If your Kafka provider does **not** auto-create topics, create all three topics explicitly before starting the notebook.

### Step 4: Configure and Run the Notebook

The notebook uses **Databricks widgets** for easy configuration. Set these values in the widget panel:

| Widget | Description | Default |
|--------|-------------|---------|
| `secret_scope` | Your Databricks secret scope name | `rtm-demo` |
| `input_topic` | Kafka topic to read from | `ethereum-blocks` |
| `output_topic` | Base name for output topics | `ethereum-validated` |
| `catalog` | Unity Catalog for checkpoints | `main` |
| `schema` | Schema for checkpoints | `default` |
| `checkpoint_interval` | RTM checkpoint frequency | `5 minutes` |

Run the notebook cells in order. The pipeline will start processing and routing events.

**Replay behavior:** The notebook now reads with `startingOffsets = "earliest"` so seeded backlog is replayed during demos and integration tests. If you only want new records produced after the stream starts, change this back to `"latest"`.

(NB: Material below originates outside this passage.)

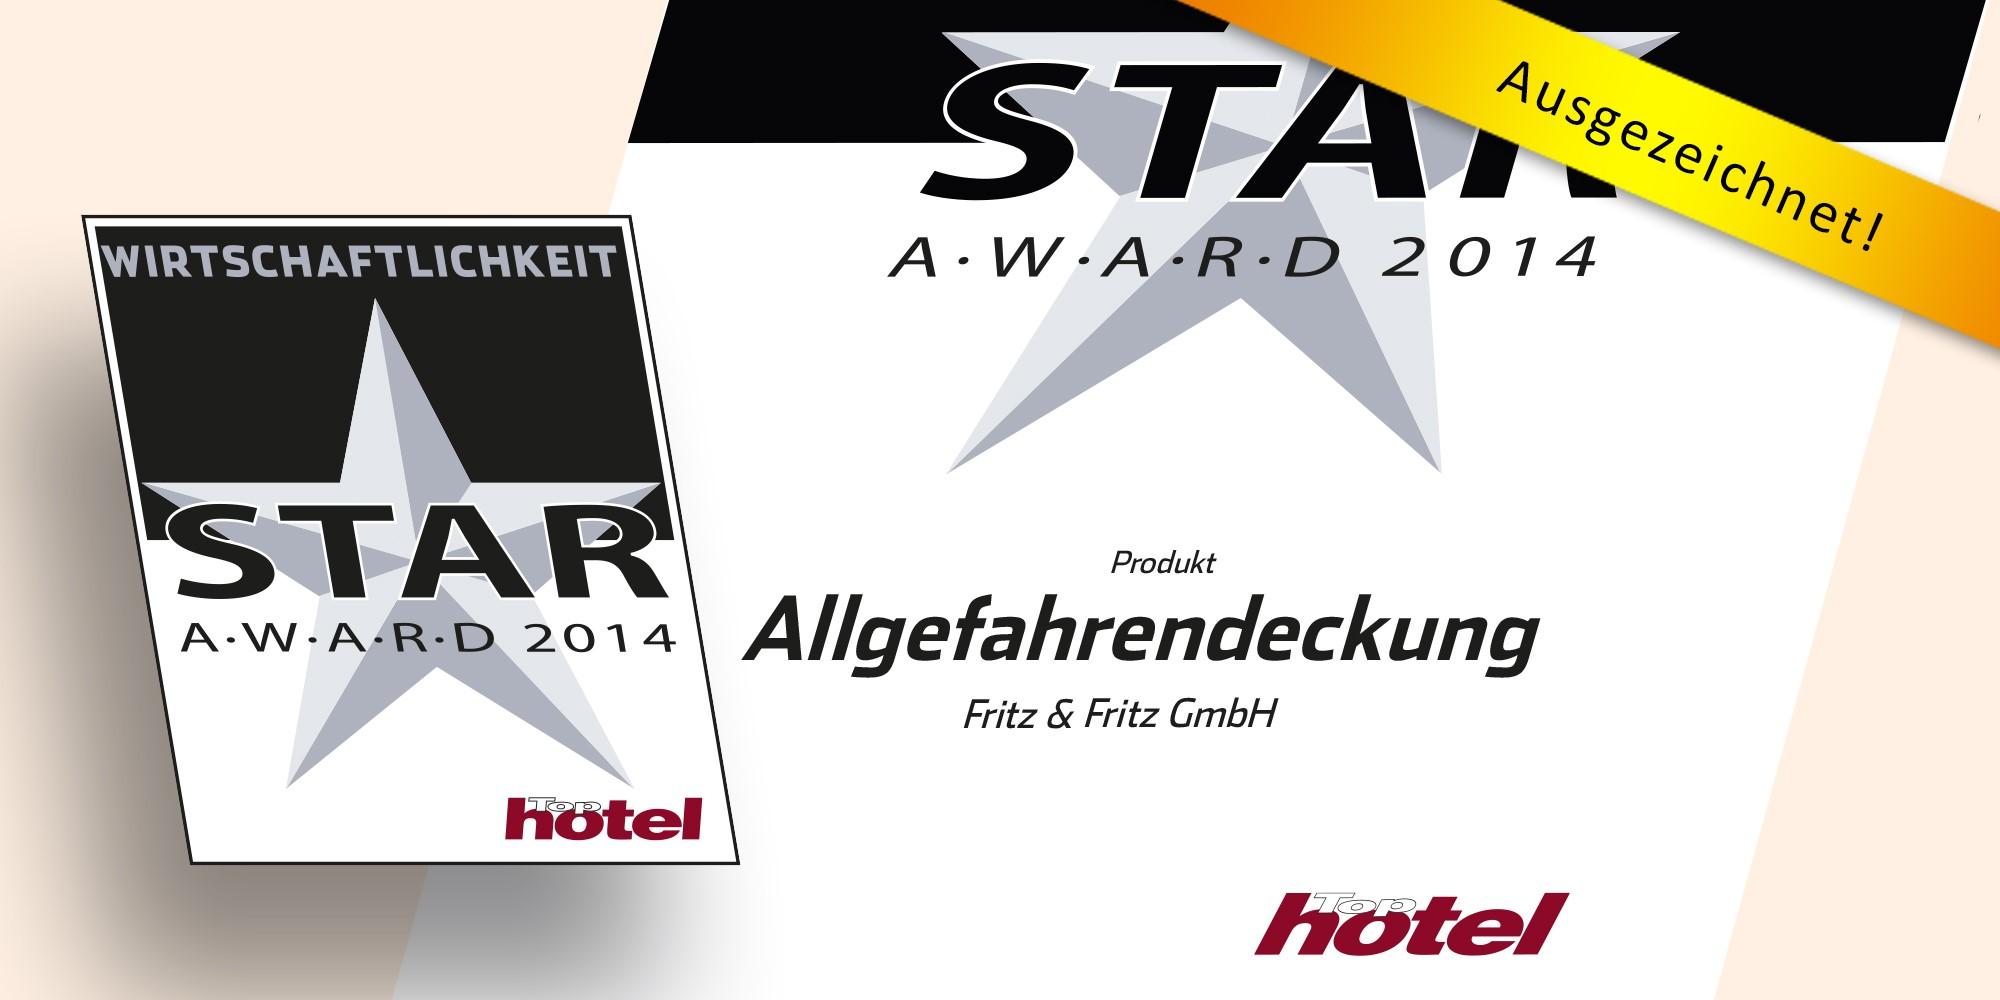 All-Risk Hotel » Fritz & Fritz

**Notebook flow after the stream starts:**
- **Section 11, "Verify Routed Output Topics"** reads the Kafka output topics back and shows what was actually written to `-allowed` and `-quarantine`
- **Section 12, "Stream Management"** shows query status and provides the cells you use to stop the stream cleanly when you are done validating it

## Testing

### End-to-End Test Results

This demo was validated on the `e2-dogfood` staging workspace using Databricks Runtime 16.4 LTS and Redpanda Serverless.

**Test Setup:**
- Workspace: `https://e2-dogfood.staging.cloud.databricks.com`
- Cluster: `rtm-guardrail-cluster` (`0313-063110-u4ldfaiy`)
- Cluster mode: dedicated, single-user, fixed workers, RTM enabled
- Kafka: Redpanda Serverless with SASL/SCRAM over SSL
- Secret scope: `rtm-demo`

**What Was Verified:**
- Pattern detection tests passed locally for email, SSN, credit card, AWS key, JWT, and Ethereum private key cases
- The notebook was uploaded to the workspace and executed on the RTM-enabled cluster
- The stream successfully read from `ethereum-blocks` and wrote to:
- `ethereum-validated-allowed`
- `ethereum-validated-quarantine`
- Output records were inspected directly in Kafka to confirm routing decisions and validation reasons

**Live Routing Checks:**
1. Block `2000001` (clean input) → **ALLOW** → `ethereum-validated-allowed`
2. Block `2000002` (high gas usage) → **QUARANTINE** → `ethereum-validated-quarantine` with `HIGH_GAS_USAGE`
3. Block `2000003` (email in `extra_data`) → **QUARANTINE** → `ethereum-validated-quarantine` with `PII_EMAIL`

**Notes:**
- The notebook now uses `startingOffsets = "earliest"` so pre-seeded test data can be replayed during demos and integration tests
- End-to-end validation here focused on correctness of routing and guardrail behavior rather than publishing a latency benchmark

## Checkpoint Best Practices

### Stable Checkpoint Paths

**CRITICAL**: Never use dynamic values (UUIDs, timestamps) in checkpoint paths for production streams.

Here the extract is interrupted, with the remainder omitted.